Three Basic Configurations of BJT

BJT is a current controlled device which is mainly used for amplification and switching purpose. There are three ways to connect this device with external electronic circuits called: 1. Common Base Configuration 2. Common Collector Configuration 3. Common Emitter Configuration The nature of the current being controlled at the output is different for different configurations.

Common Base Configuration

• Common base configuration is a configuration where the common base is shared between input and output signal.
• Voltage is applied at the emitter-base junction and corresponding output signal is obtained at the output across the base-collector junction.
• The base voltage is connected to some reference voltage or can be grounded in some cases with the intention of making common base between input and output signals.
• Following figure shows the circuit diagram of common base configuration.

• Current at the emitter side is quite large, where electrons are diffused into the base terminal. These electrons make a pair with some holes present in the base, while most of them leave the base and are collected by the collector.
• This type of transistor comes with remarkable high voltage characteristics which don't make it an ideal choice for many applications. In this configuration, an output and input voltage is in line with each other. The input characteristics of this transistor are quite identical to forward biased diode while output characteristics are similar to a regular diode and come with a high output to input resistance ratio.
• Common base current gain is a very important factor used in this configuration which is a ratio between collector current and emitter current. It is denoted by a alpha.
• a = Ic/Ie
• The alpha value ranges between 0.95 to 0.99, however, most of the time its value is taken as unity. High-frequency response of common base configuration makes it an ideal choice for single stage amplifier.
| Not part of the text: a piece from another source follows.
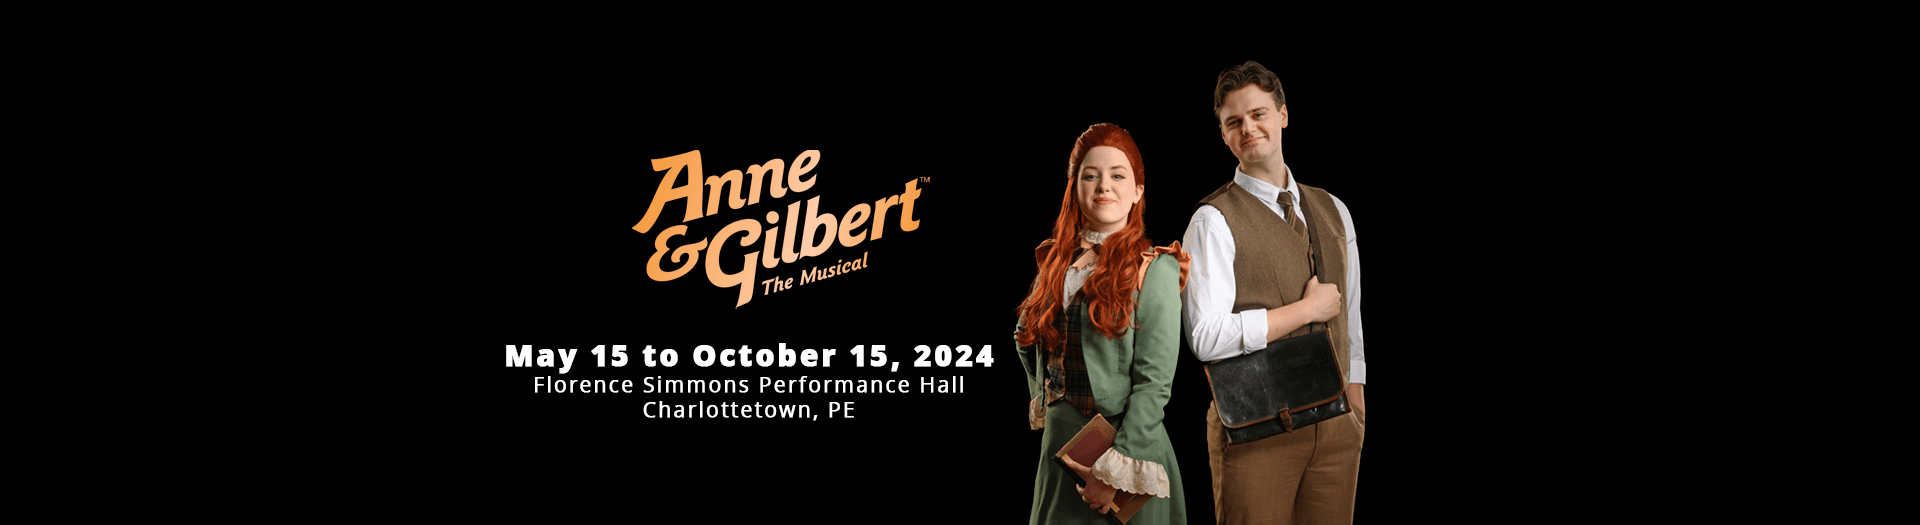 Anne & Gilbert: The Musical, Florence Simmons Performance Hall, Charlottetown, PE

Common Collector Configuration

• This configuration is also known as voltage follower where the input is applied at the base terminal and output is taken from emitter terminal.
• This configuration is mainly used for impedance matching as the input impedance of this configuration is very high while output impedance is very low.
• Common collector configuration is termed as non-inverting amplifier where output signal and an input signal are in phase with each other.
• The current gain of this transistor is very large because the load resistance is at the receiving end of both collector current and base current, making it a suitable for amplification purpose.
• Hence very little voltage gain, around unity, can help in producing very large current gain.
• Following figure shows the circuit diagram of common collector configuration.
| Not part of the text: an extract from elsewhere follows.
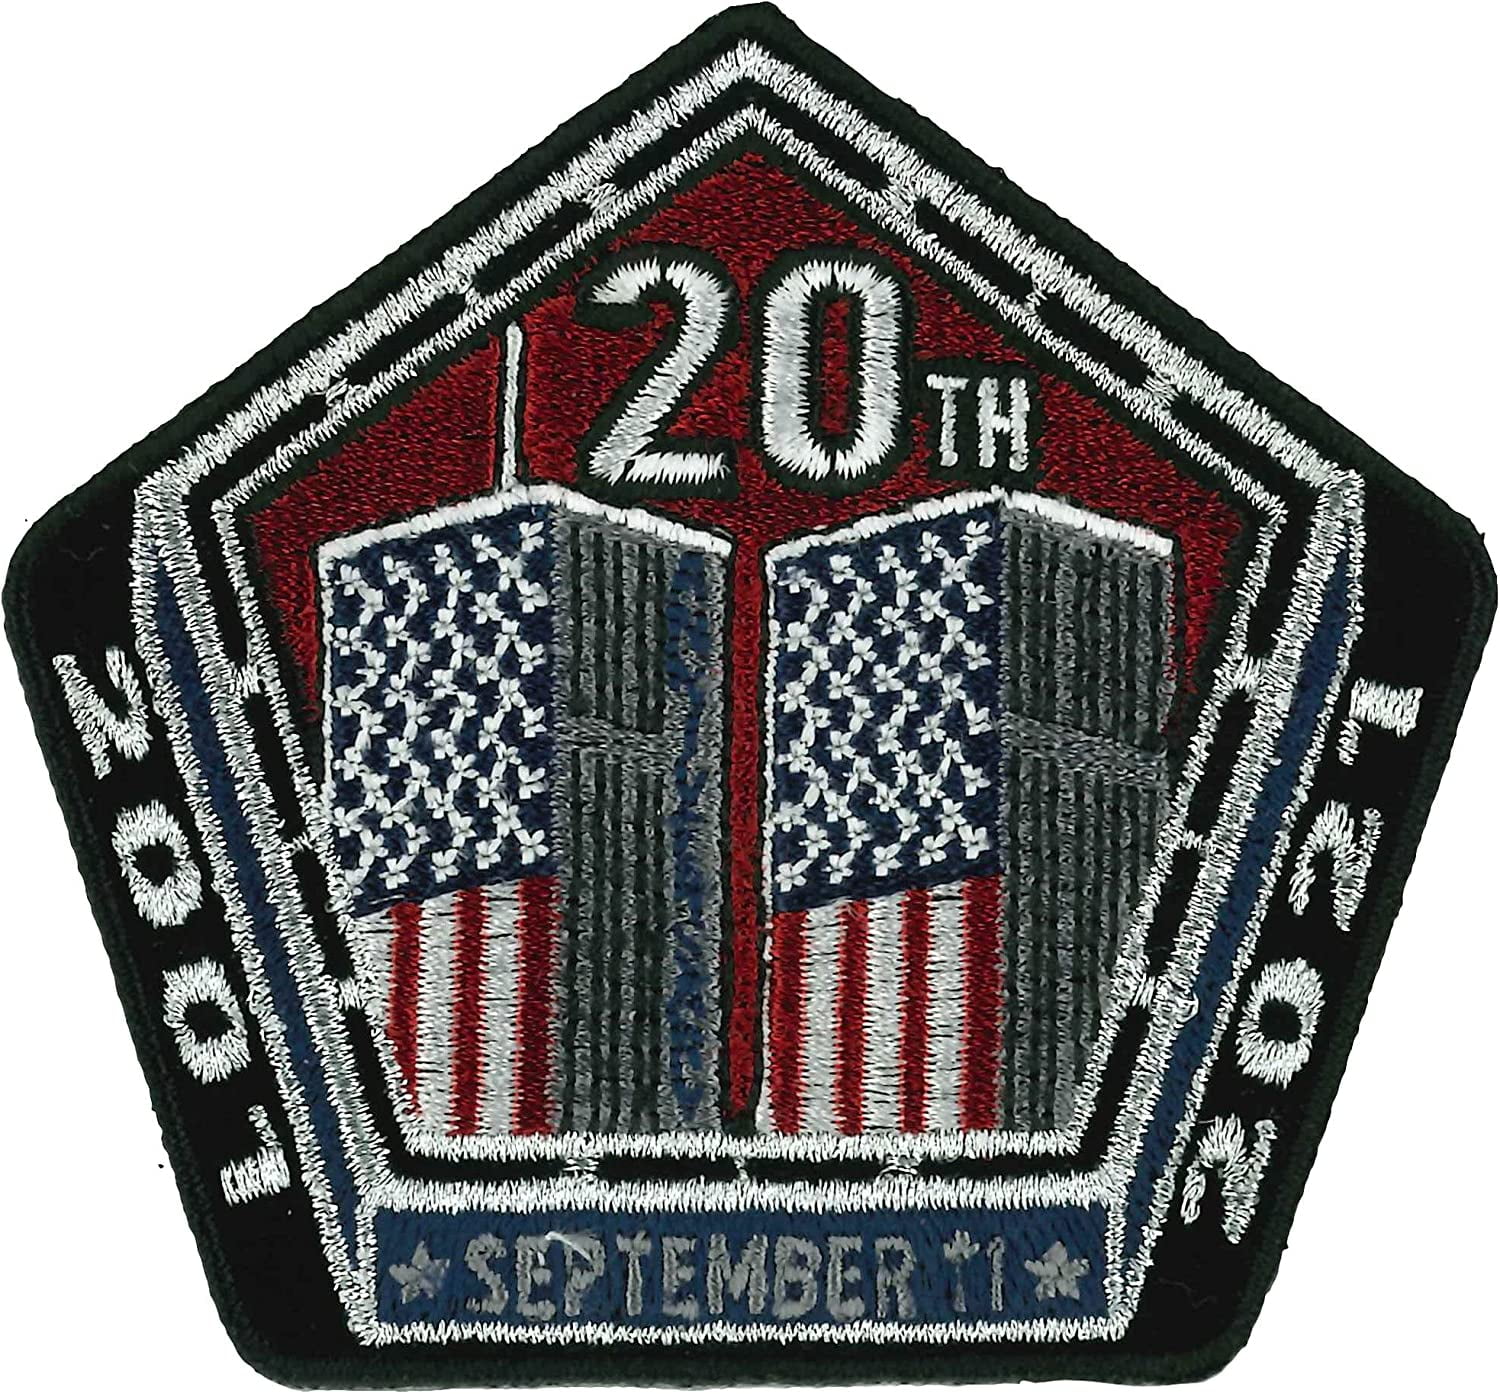 9/11 - 20th Anniversary 2001 - 2021 September 11 Pentagon & Towers

Common Emitter Configuration

• This configuration is widely used in transistor based amplifier, where an input signal is applied between emitter and base while the output is taken from emitter and collector.
• This configuration comes with highest current and power gain which makes it an ideal choice for amplification. Input impedance is connected to forward biased PN junction which shows low value while output impedance is connected to reverse biased PN junction which shows high value.
• Most of the transistors generally come with common emitter configuration because this exhibits the ideal power and current required for amplification purpose.
• Common emitter configuration is termed as inverting amplifier circuit where an input signal is out-of-phase with the output signal.
• Following figure shows the circuit diagram of common emitter configuration.

 

• The common emitter current gain of this transistor is very large as compared to a current gain of common base configuration which is a ratio between collector current and base current. It is denoted by ß beta which is the measure of current being amplified.
• ß = Ic/Ib
• Output current at the collector and emitter side is highly dependent on the current at the base side.
• Current at the emitter side is the sum of current at the base and collector side because emitter side is highly doped as compared to base and collector.
• Ie = Ib + Ic
• When the voltage is applied at the base terminal it triggers the electrons reaction which forces the electrons to move towards the collector side.
• Any small change at the voltage applied at the base terminal results in a very large change at the current obtained at the collector side.

Pros of BJTs

• Bipolar junction transistor comes with a large amplification factor.
• This type of transistor provides a better voltage gain.
• This transistor comes with a capability of operating in four regions i.e active region, reverse mode, saturation and cut-off region.
• BJT provides a better responese at higer frequiencies.
• BJTs also act as a switch.

Cons of BJTs

• BJT is very sensitive to heat and produces noise is some cases.
• The switching power of BJTs is very low as compared to unipolar transistors like FETs.

Applications

• BJTs come with two major applications called amplification and switching.
• They are the building blocks of most of the electronic circuits, especially where audio, current or voltage amplification is required.
• NPN transistors are preferred over PNP transistors for amplification purpose because conduction carried out through mobility of electrons is better than conduction through mobility of holes.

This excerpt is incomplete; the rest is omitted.